Roast chicken with couscous salad
- You
- Jul 14, 2015
- 1 min read

Serves: 4-6
Preparation: 5 min
Cooking: 30 min
• 8 chicken drumsticks
• 15 ml (1 T) paprika
• 15 ml (1 T) ground cumin
• 4 garlic cloves
• 15 ml (1 T) oil
Salad
• 250 ml (1 c) couscous
• 200 g tin corn kernels, drained
• 1 red pepper, diced
• 2 spring onions, thinly sliced
• juice of ½ lemon
• salt and pepper, to taste
Preheat the oven to 180 °C.
1. Put the chicken in a large roasting tray and sprinkle the spices over. Crush the garlic, leaving the skins on, and add to the tray.
2. Drizzle the oil over and season with salt and pepper to taste. Roast the chicken for 30 minutes or until the chicken is lightly charred and cooked through.

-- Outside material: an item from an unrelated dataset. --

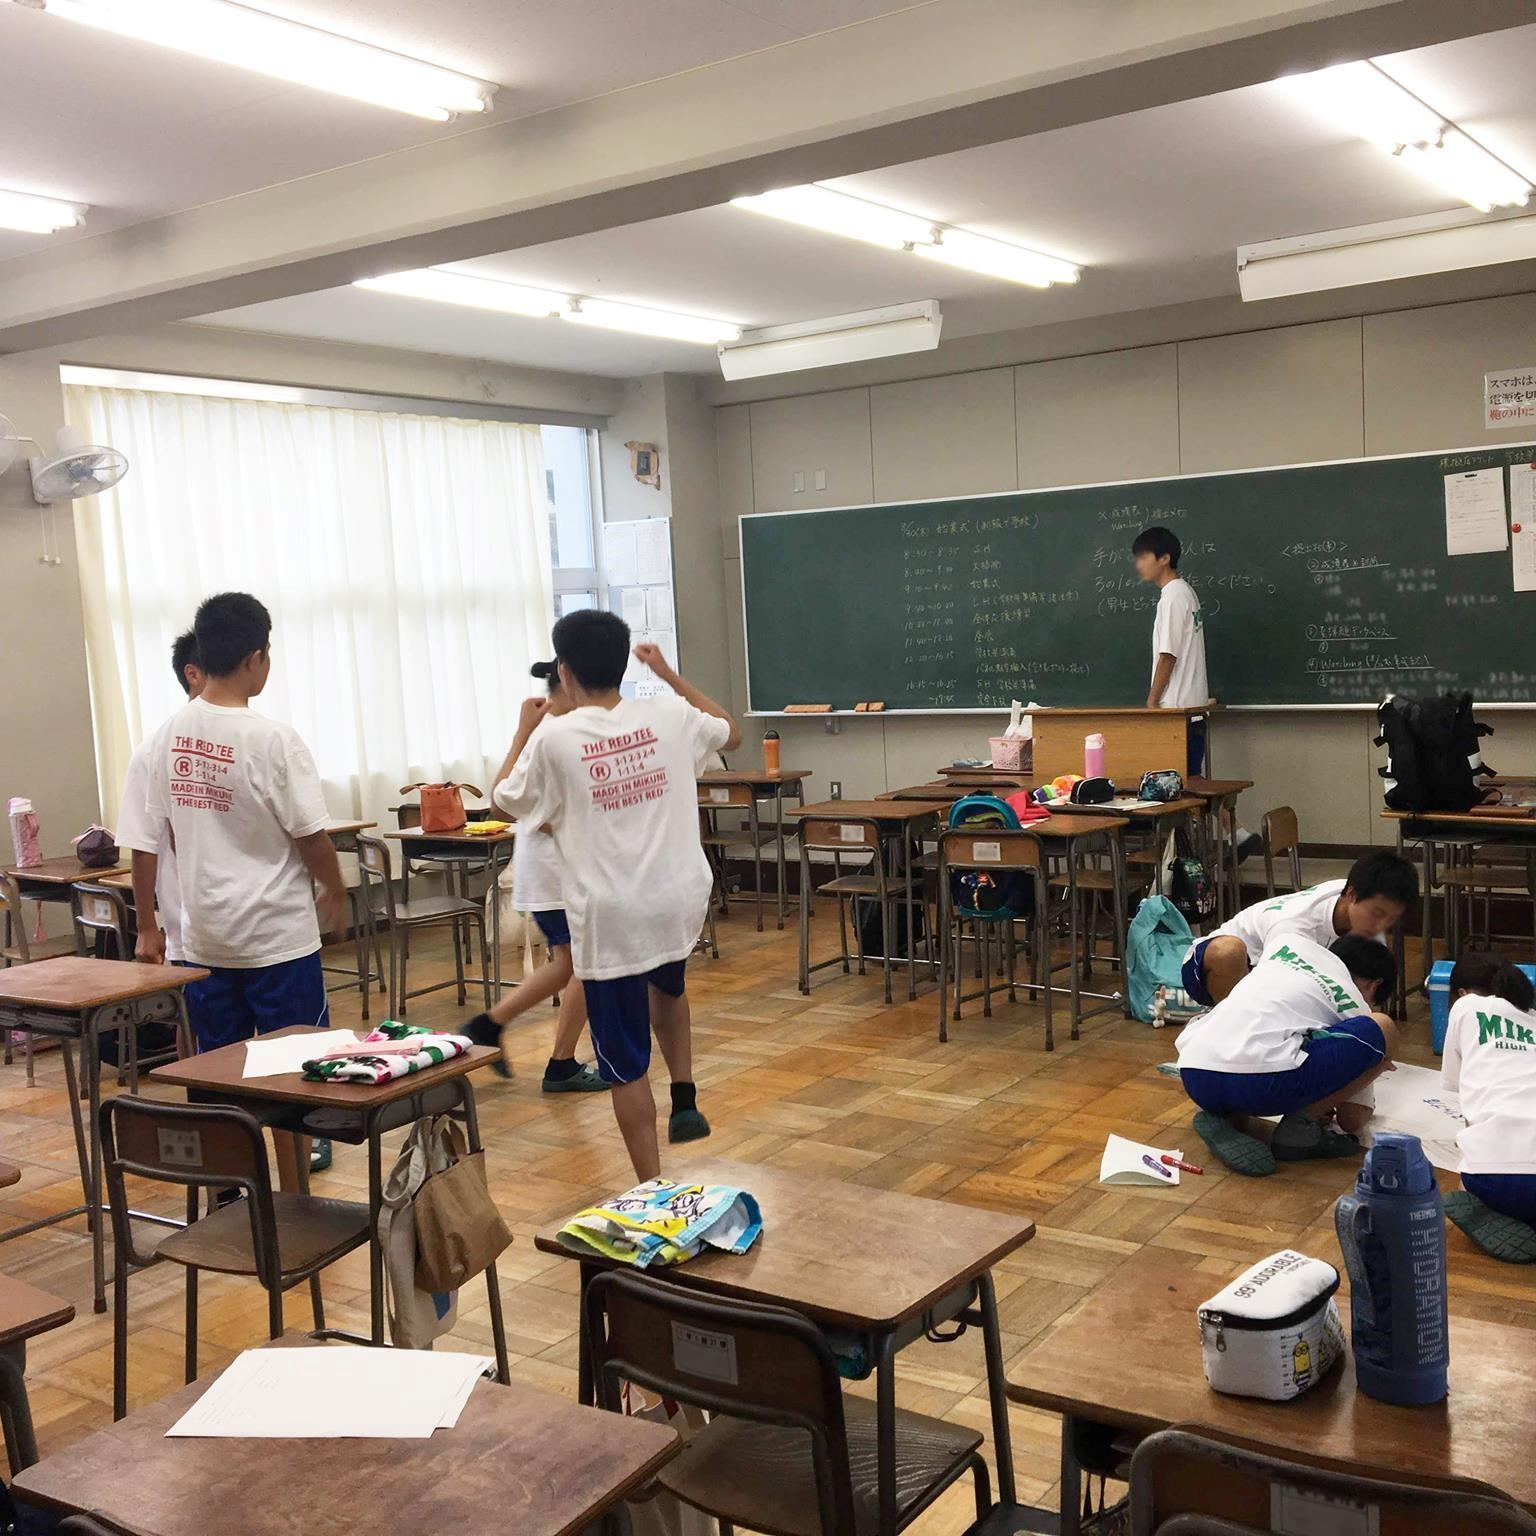 http://ud.t.u-tokyo.ac.jp/blog/_images/mikuni1.jpg

3. Salad: Place the couscous in a large bowl, pour 500 ml (2 c) boiling water over, cover with clingfilm and set aside for 3 minutes or until all the water has been absorbed. Fluff the couscous with a fork and add the sweetcorn and diced pepper to the bowl. Add the spring onions and lemon juice. Season with salt and pepper to taste.
4. Serve the couscous salad with the chicken.